Voici les pays les plus détestés du monde
Quels sont les pays les plus aimés et les plus détestés au monde? En haut du classement, on retrouve les candidats habituels: la Suisse et le Canada atteignent chacun +36 points, suivis du Japon avec +34 et de la Suède avec +33. Viennent ensuite l'Italie et la Norvège avec +32 chacune. Fait marquant: le top 20 compte un nombre particulièrement élevé de pays européens, dont l'Espagne, le Danemark, la Finlande, les Pays-Bas, l'Irlande, le Portugal, l'Autriche, la Grèce, la Belgique et l'Allemagne.
Les Etats-Unis, eux, ont dégringolé au classement depuis 2024, se retrouvant avec les cancres: Israël, la Russie et la Corée du Nord et l'Iran.
Pour l'étude «Global Perception Ranking 2026» de Nira Data et de l'Alliance of Democracies, plus de 94 000 personnes dans 98 pays ont été interrogées. Une partie de l'enquête montre comment 132 pays et organisations internationales sont perçus à travers le monde. Le score calculé est une valeur nette: les évaluations positives moins les évaluations négatives.
La situation est nettement moins rose pour les Etats-Unis. Dans le classement mondial de la perception, ils ne figurent plus qu'à la 64e place sur 68 pays et organisations répertoriés, avec un score de –16 points. Seuls l'Iran, l'Afghanistan, la Corée du Nord et Israël obtiennent de moins bons résultats.
A la fin du classement se trouve Israël avec –24 points. Il est précédé par la Corée du Nord et l'Afghanistan avec –19 chacun, l'Iran avec –17 et les Etats-Unis avec –16. Les auteurs de l'étude y voient moins la formation d'un nouveau bloc clair qu'une aliénation mondiale: de nombreux pays se détournent des Etats-Unis sans pour autant embrasser avec enthousiasme la Chine ou la Russie.

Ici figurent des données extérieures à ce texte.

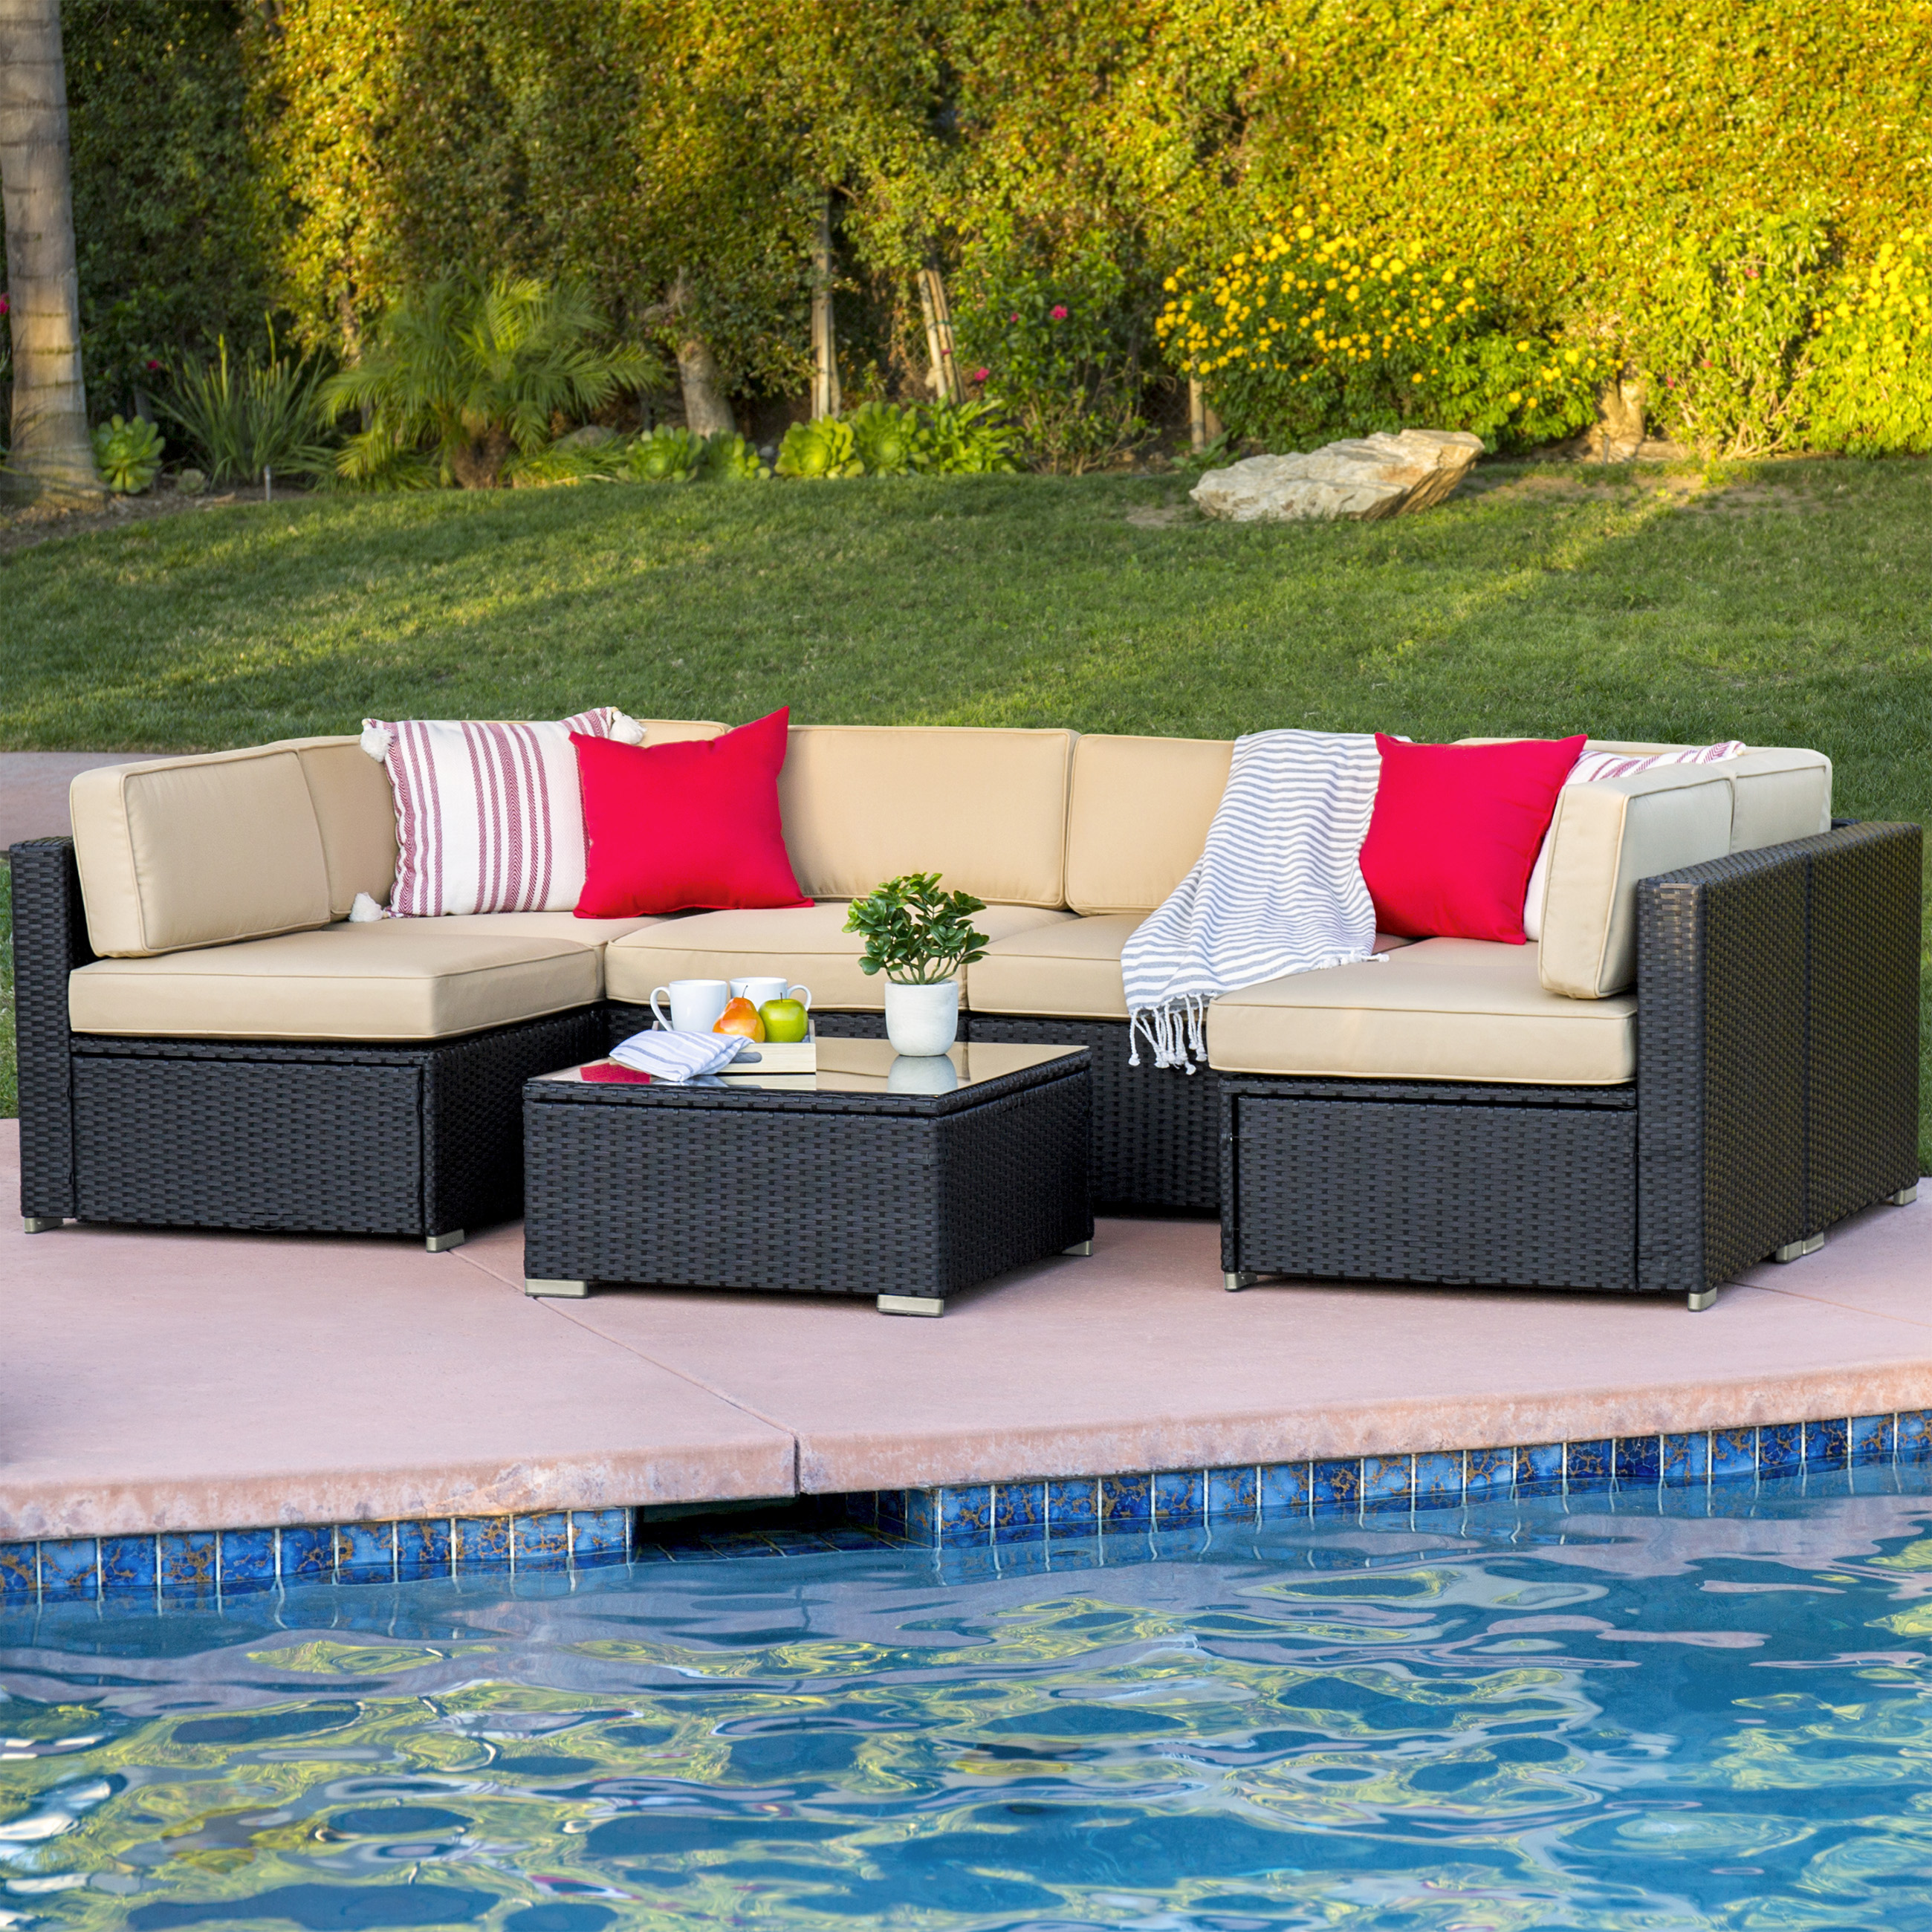 Common uses of outdoor wicker furniture

Fait particulièrement remarquable: les Etats-Unis sont désormais perçus plus négativement que la Russie à l'échelle mondiale. Selon l'étude, l'image des Etats-Unis s'est dégradée de près de 40 points depuis 2024. La Chine, en revanche, est désormais le seul pays parmi les trois grandes puissances à bénéficier d'une image mondiale positive.
En Europe, les trois superpuissances mondiales sont toutes perçues négativement: c'est la Chine qui s'en sort le «moins mal» sur le Vieux Continent avec –14, tandis que les Etats-Unis (–35) sont tout de même perçus un peu plus positivement que la Russie (–47).
La Suisse s'attribue une bonne note
En résumé, le monde trouve actuellement la Suisse sympathique, et les Etats-Unis plutôt pas. Mais nous n'obtenons pas seulement de bons résultats concernant notre image à l'étranger. Même lorsque la population évalue son propre système politique, nous sommes loin devant: dans le «Democracy Perception Index», la Suisse occupe la cinquième place avec un indice de +19, derrière la Suède, la Norvège, le Danemark et la Finlande.
L'indice ne mesure pas à quel point un pays est démocratique selon les habitants d'autres pays, mais comment les citoyens perçoivent la démocratie dans leur propre pays. Huit domaines sont interrogés, tels que les élections, l'Etat de droit, la liberté d'expression, la diversité politique et la transparence du gouvernement.
La population suisse évalue particulièrement bien l'Etat de droit (+33), l'alternance pacifique au pouvoir (+31), la liberté d'expression (+26) et l'éducation politique (+24). En revanche, l'appréciation de la transparence gouvernementale est plus critique: la Suisse y affiche un score de −16. Elle n'est toutefois pas seule avec ce résultat négatif. Selon l'étude, la transparence est la dimension de la démocratie la plus mal notée par les citoyens à travers le monde. (trad. hun)
Pour l'image mondiale des pays, il a été demandé aux participants dans quelle mesure ils percevaient différents pays et organisations internationales de manière positive ou négative. La valeur indiquée est une valeur nette: part des évaluations positives moins part des évaluations négatives. Le classement ne présente que les 68 pays et organisations qui ont été évalués par l'ensemble des 85 pays interrogés. Les valeurs mesurent donc la perception mondiale d'un pays – et non sa qualité démocratique réelle.